DATA SEGMENT =
+-------+

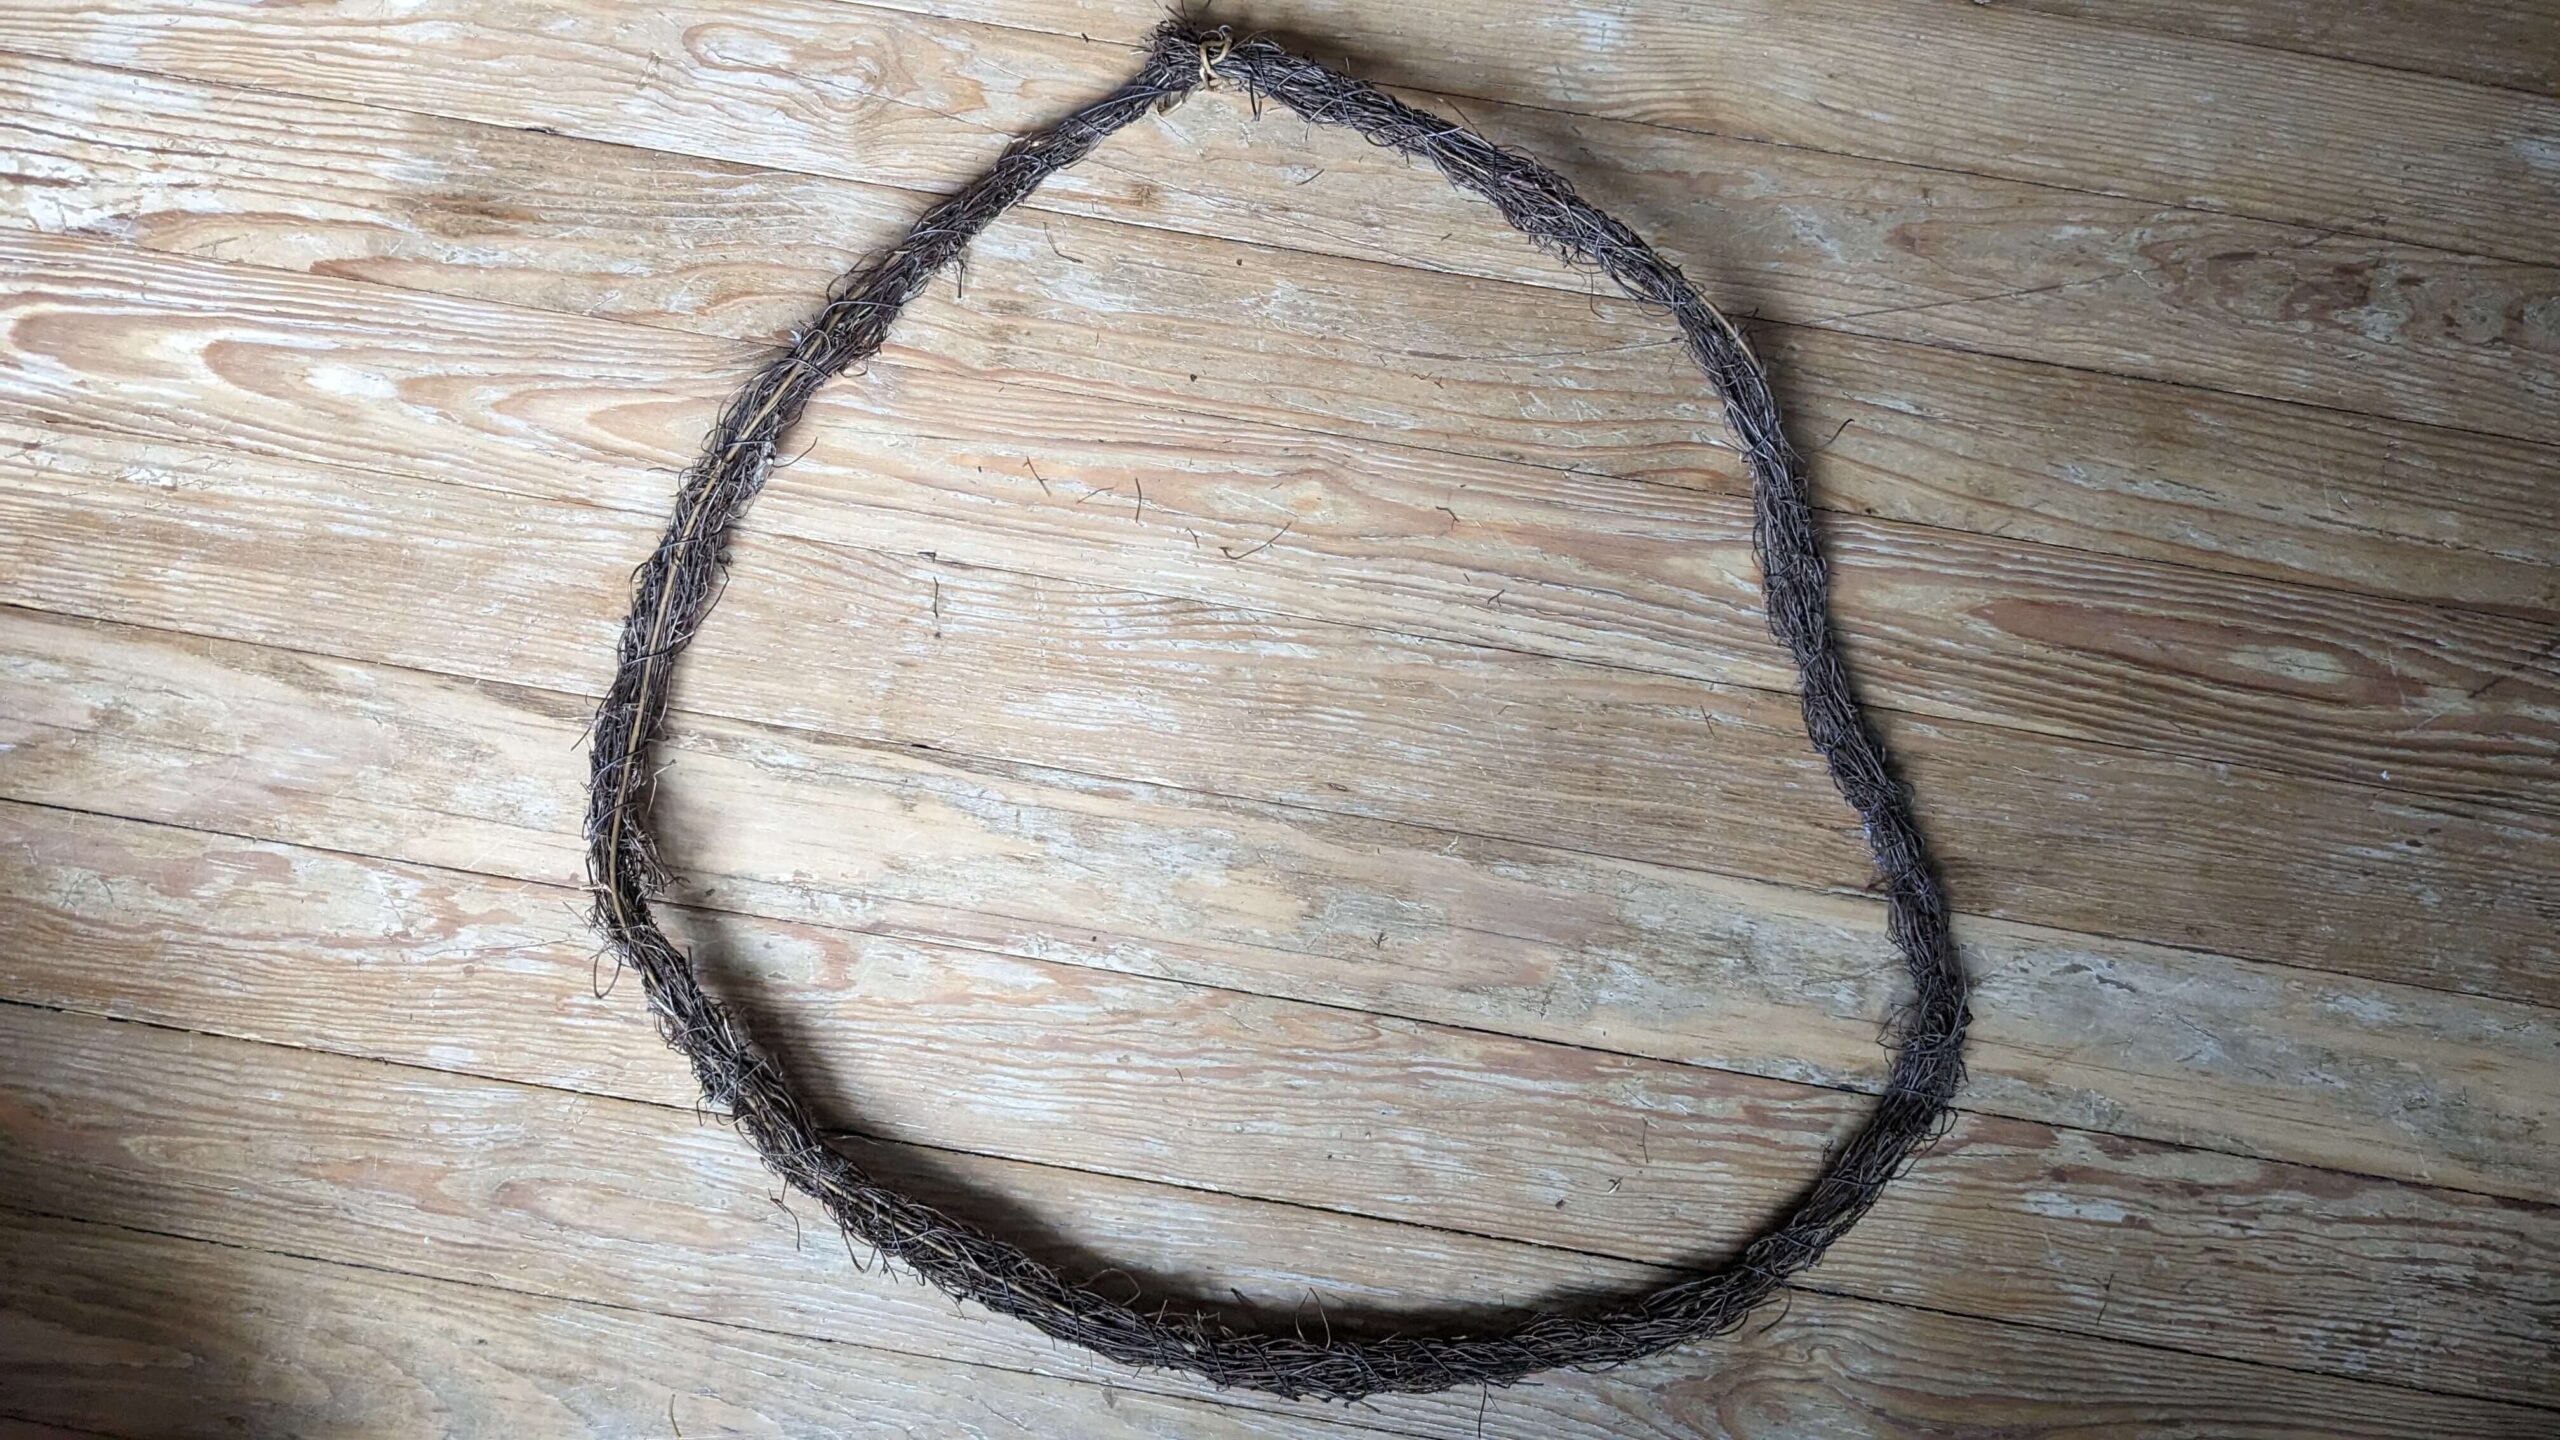 large wreath made of a fake grape vine on a wooden floor
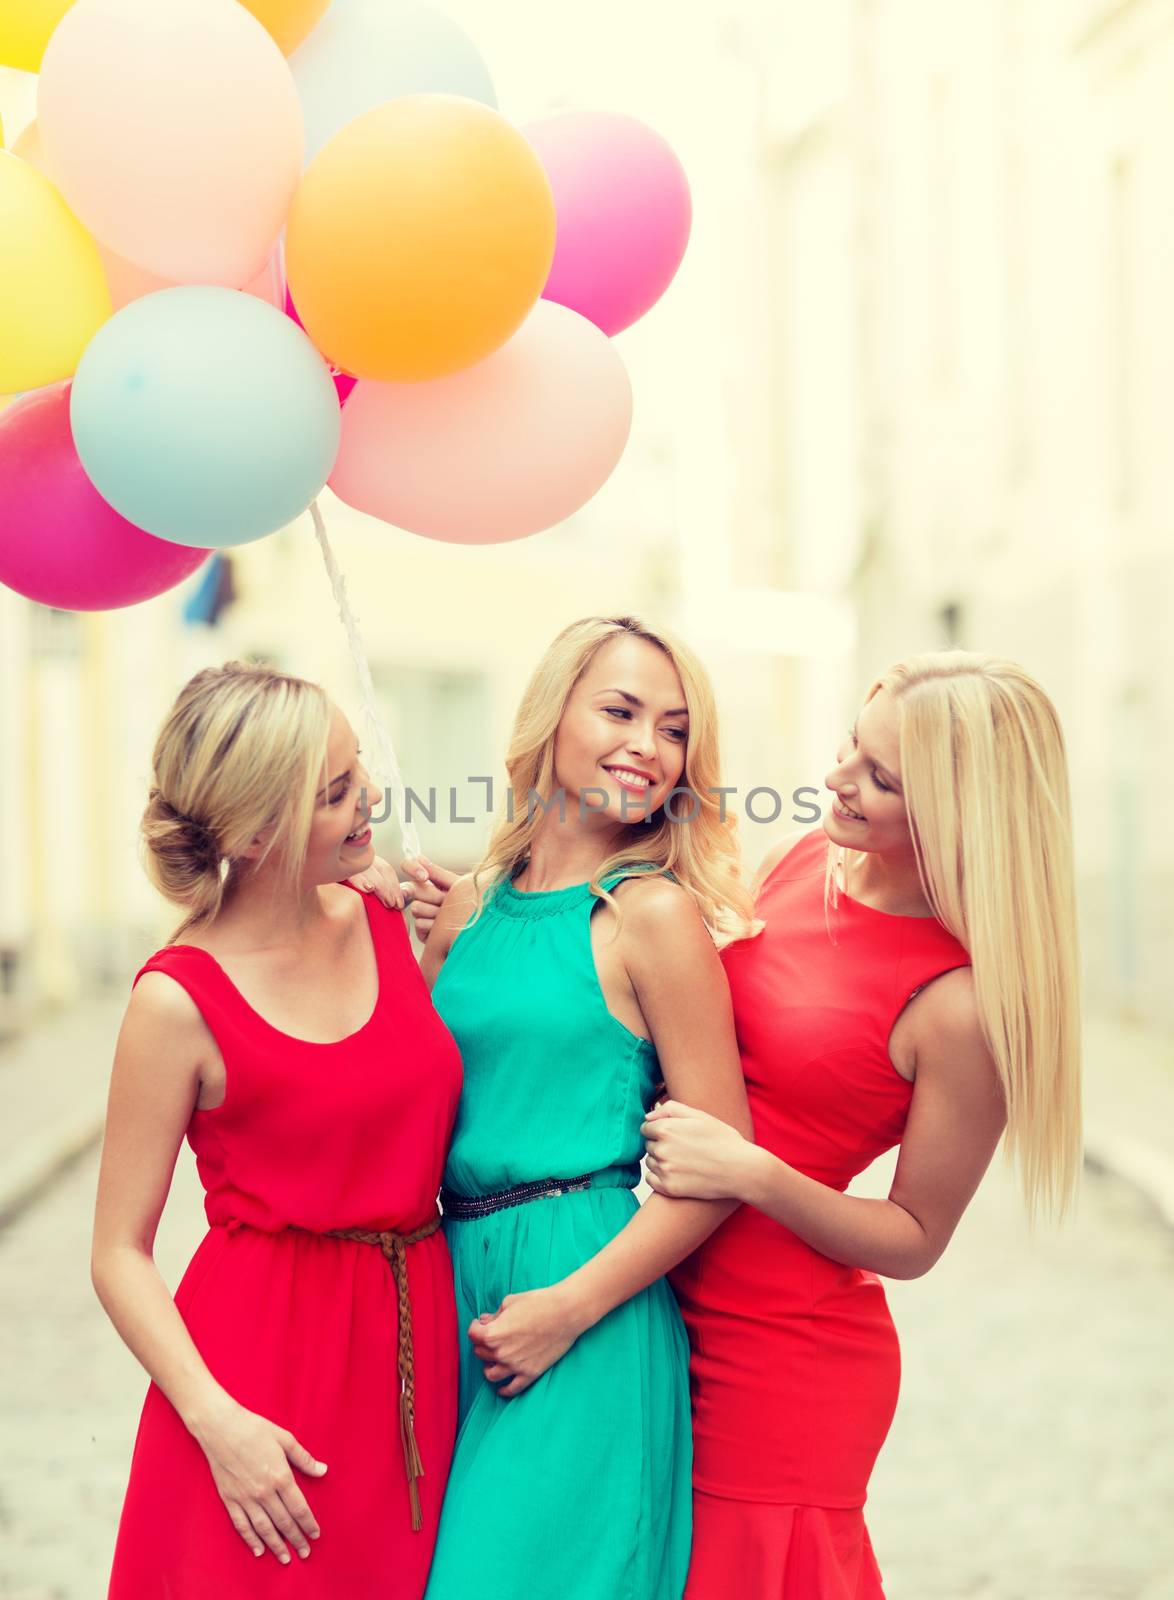 celebration and happy people concept - beautiful girls with colorful balloons in the city
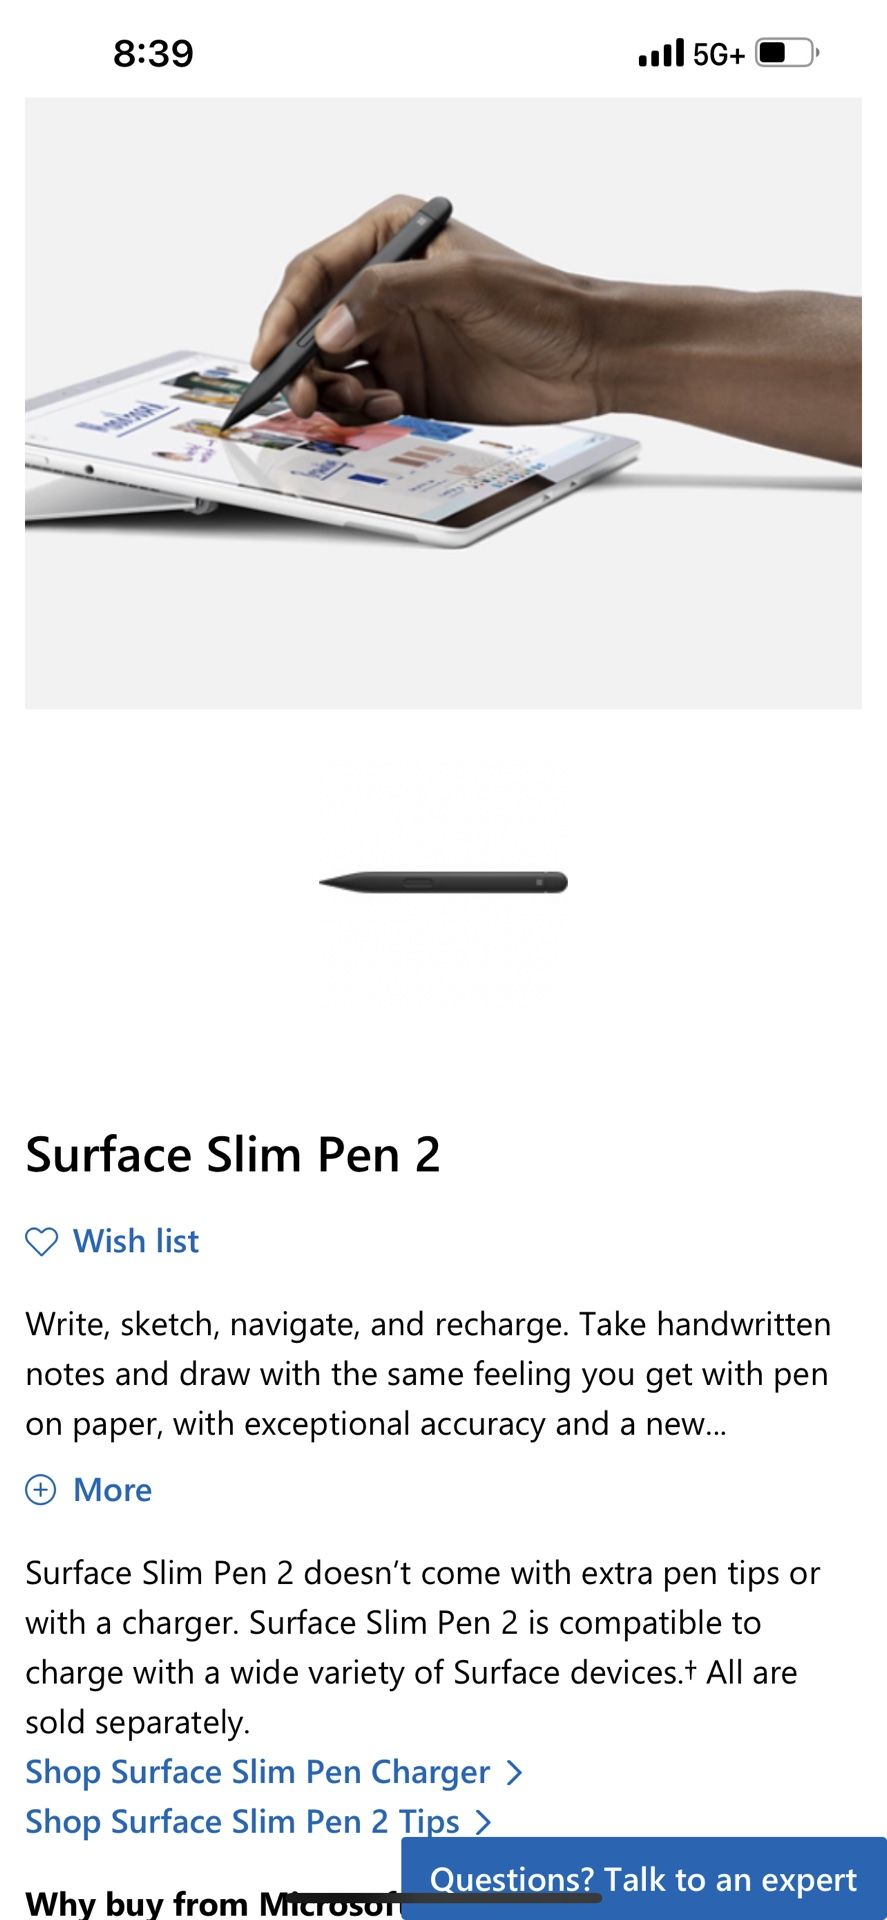 Microsoft Surface Slim Pen 2 & Charger 
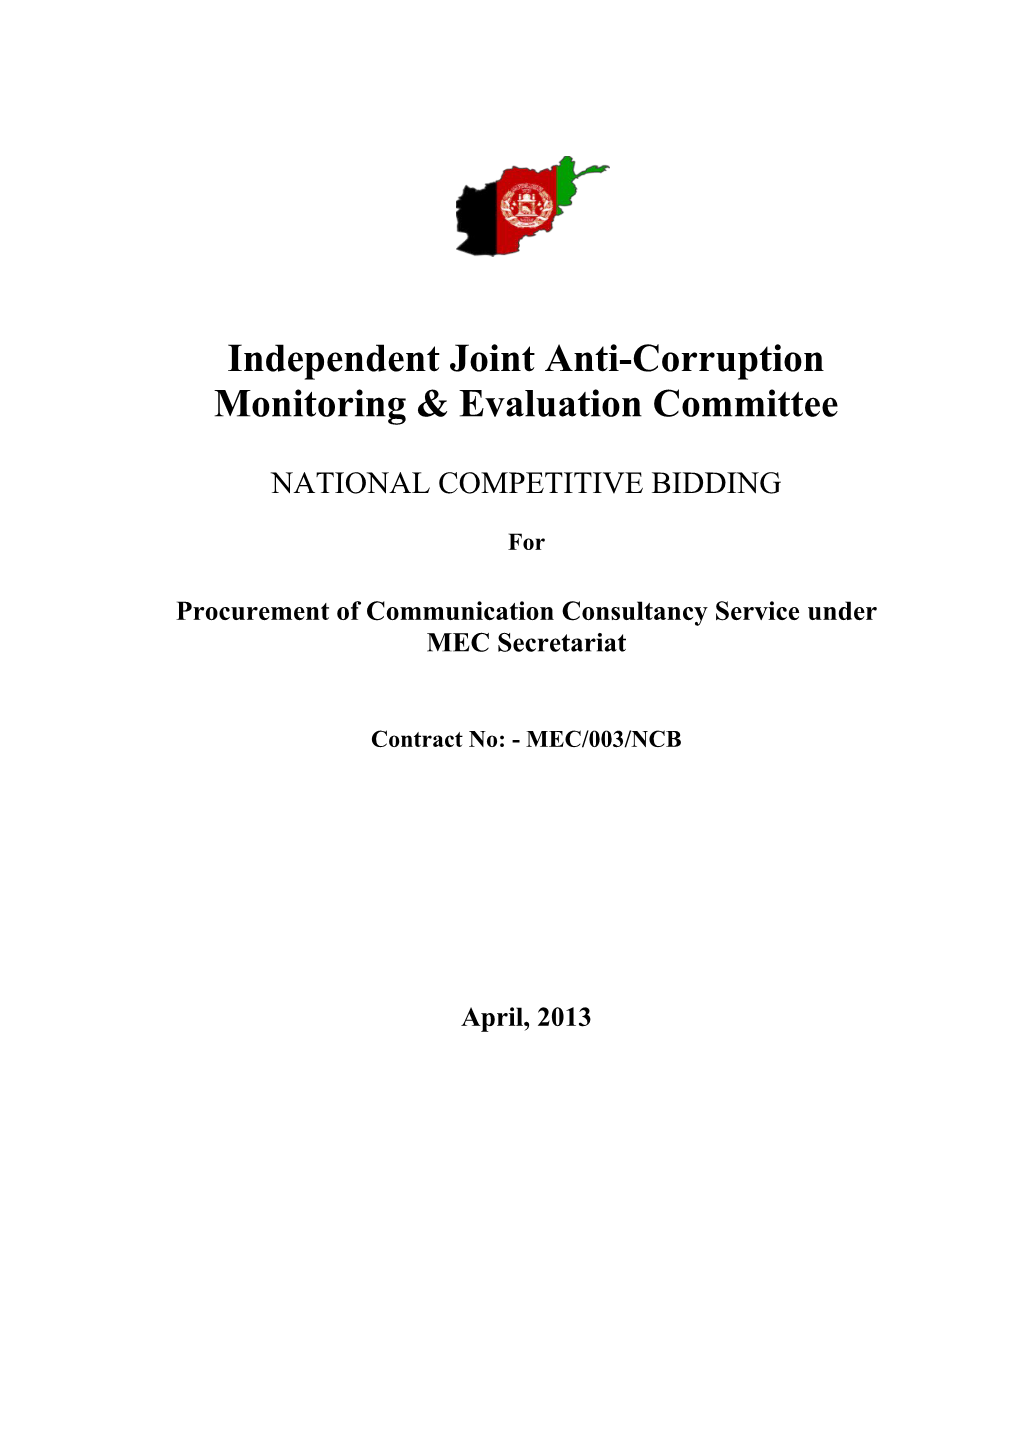 Independent Joint Anti-Corruption Monitoring & Evaluation Committee

+-------+

EXERCISE OBJECTIVE = Output the full listing above exactly, excluding all pictures.

RESULT OF THE TASK =
 large wreath made of a fake grape vine on a wooden floor
 celebration and happy people concept - beautiful girls with colorful balloons in the city
 Microsoft Surface Slim Pen 2 & Charger 
 Independent Joint Anti-Corruption Monitoring & Evaluation Committee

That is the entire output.